I was kind of disappointed. Somehow I'd always thought that college dorm rooms were more like suites, with a living room and separate bedrooms. But this was just a single tiny room, not even as big as you got in a motel. There were bunk beds and a sink along one wall, a desk in front of the window, another desk and two wardrobes along the other wall. It wasn't even as big as my bedroom at home.

And I had to share it with someone. It looked like he'd already started to move in. There was a cardboard box on the desk against the wall and some clothes piled in the second wardrobe. I tried not to let the twinge of disappointment dampen my excitement. Suite or garret, roommate or not, I was a college man now. I was on my own, starting in on my real life. I put my box on the desk by the window and went back down for another load.

When I got back, the door was open and there was someone in the room. A girl, dressed in jeans and a scruffy sweater, arranging some things in the further wardrobe.

"Hi," I said, wondering who she was. I motioned with my box and she moved to let me pass. I put it on my desk and turned back to her. She was not that bad looking. A little shorter than me, dark hair, pretty face. If she was a friend of my roommate's, I might be seeing her around. "I'm Hector," I told her, wanting to make a good impression.

"And whose is that?" she asked—a bit rudely, it seemed to me—nodding at the box I'd just put down.

"Mine."

"And so why are you bringing it in here?" Even more rudely. It seemed to me.

"This is my room."

She slowly shook her head. "'Fraid not. It's my room."

I double-checked my printout. Two fourteen. I showed it to her. Her printout was buried in a pile of stuff on the desk. She dug for it, getting more and more irritated until she finally found it. Two fourteen. Same as mine.

- - -

The RA at the check-in desk looked at our printouts and pecked away on his laptop. He must have been a grad student. He had thick black glasses and leaned in so close he practically touched his nose to the screen. "So you were both waitlisted for the room?"

We nodded.

"And you both said you were OK with gender neutral housing?"

"What?" asked the girl.

"There was a box on the application form," he said.

"I thought that just meant you weren't prejudiced against gay people."

"They give out the waitlist rooms on a first-come, first-serve basis," the RA explained, still peering at the screen. "It looks like there were three doubles available, so they took the top six people on the list. Three guys and three girls. They put two guys in one room, two girls in another, and the two of you in the third."

"But how could they do that?" demanded the girl.

"You both checked the box. That meant that you both were OK with sharing a room with someone of the opposite gender."

"What!?" the girl exploded.

"I thought gender neutral rooms were just like when a gay guy and a lesbian want to share a room so they don't have to live with someone of their own gender," I said.

"That's why they came up with them in the first place," said the RA. "But we're not allowed to discriminate against anyone based on sexual orientation. So the option is actually open to everybody, not just LGBTs."

"But surely we'd have to request it specifically," the girl insisted, trying to keep her rage under control. "You can't just put us together because we checked some box!"

The RA put his nose back to the screen. "Yeah, they probably should have double checked with you to make sure it was all right." He looked up at us. "But I guess they didn't."

"So what do we do?"

"Well, you don't have to take the room."

"Can you give it to one of us and move the other to a different room?" I asked.

"Not here in Zumwald, I'm afraid.
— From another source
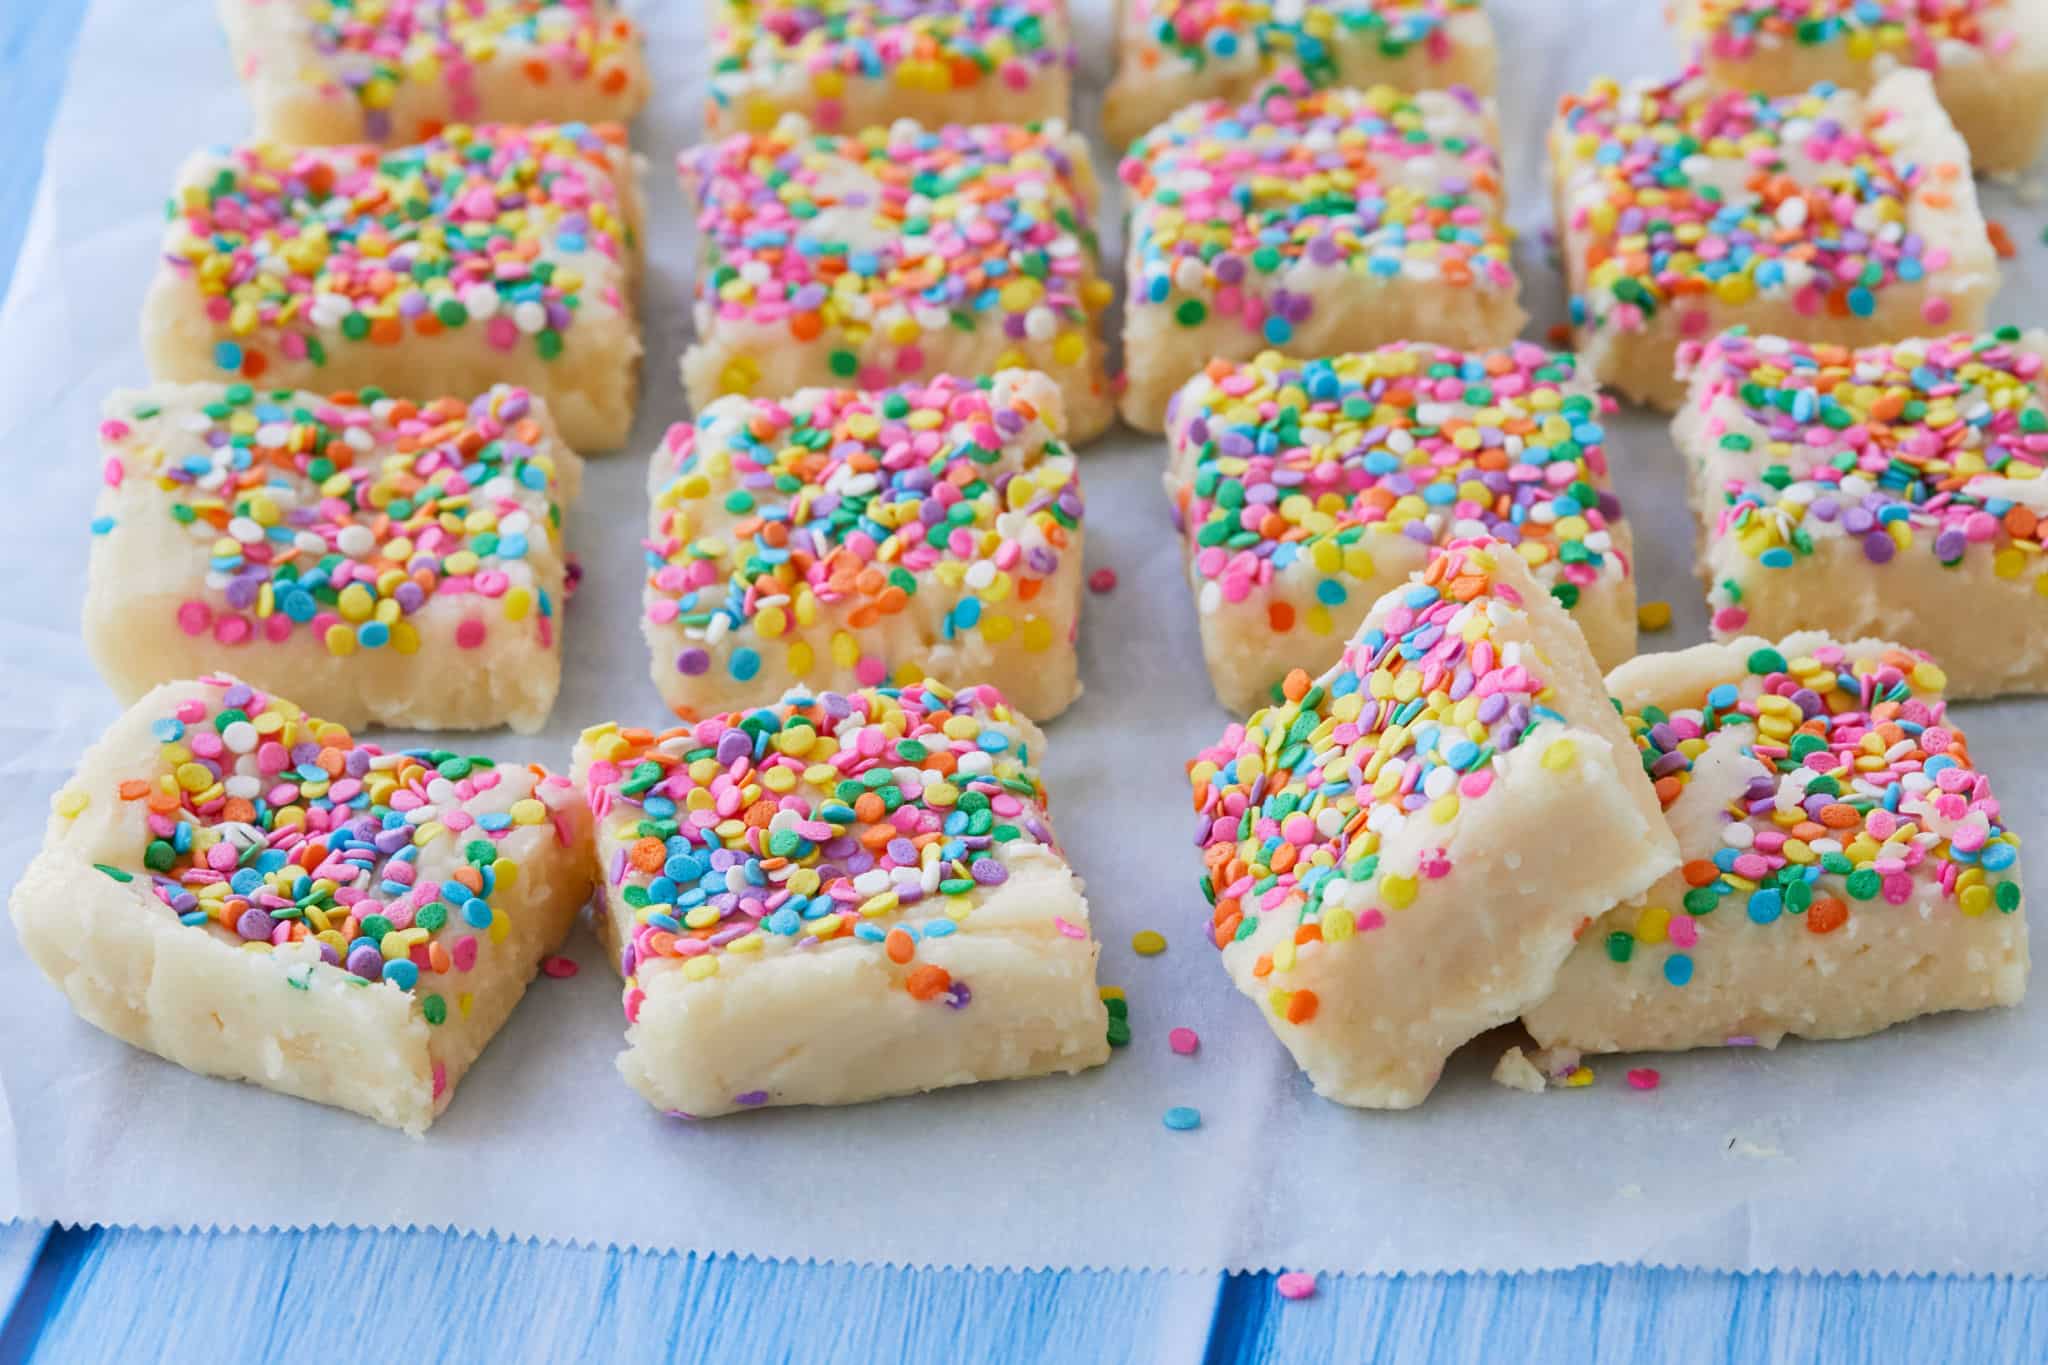 Homemade Birthday Cake Fudge is cut into squares and presented on parchment paper. The Funfetti Fudge is covered in rainbow sprinkles.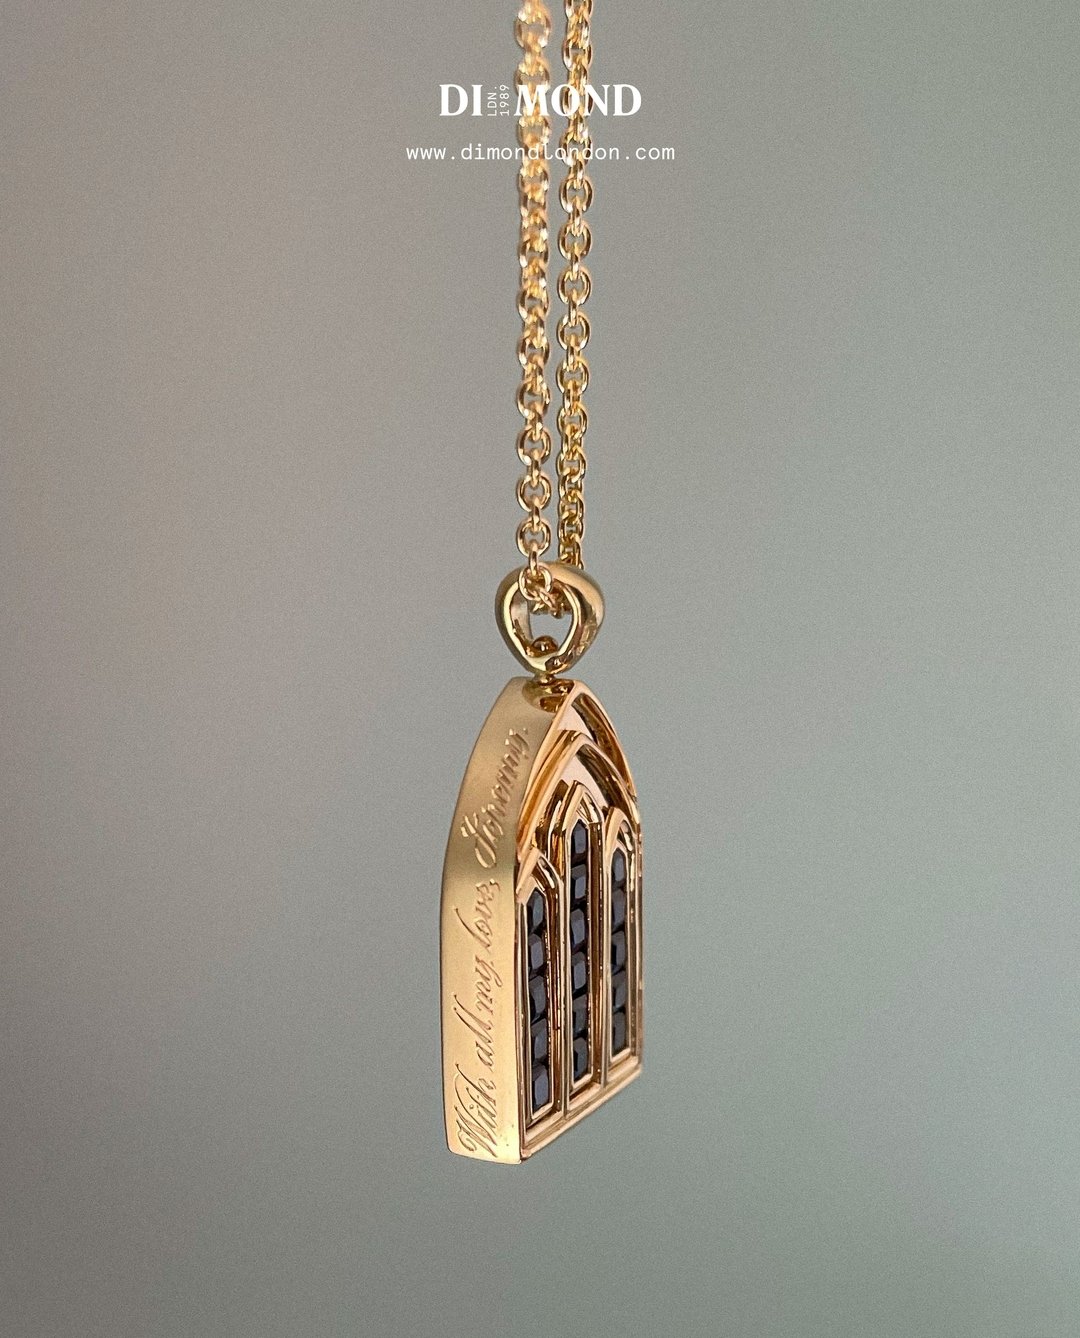 We love the opportunity to craft one-of-a-kind commissions, and this particular project is like no other we've worked on. This pendant was designed as a 60th birthday gift, made from recycled 18ct gold and decorated with diamonds on one side and sapp

We're full up. You can go talk to someone in the housing office, but I doubt if you'll have any better luck."

"So what do we do?"

"One of you will probably have to find a place off campus."

The girl was fit to be tied. I wasn't too happy either. It was my first semester in college. I'd been counting on living on campus. I wanted to focus on my studies, not apartments and housekeeping and traffic.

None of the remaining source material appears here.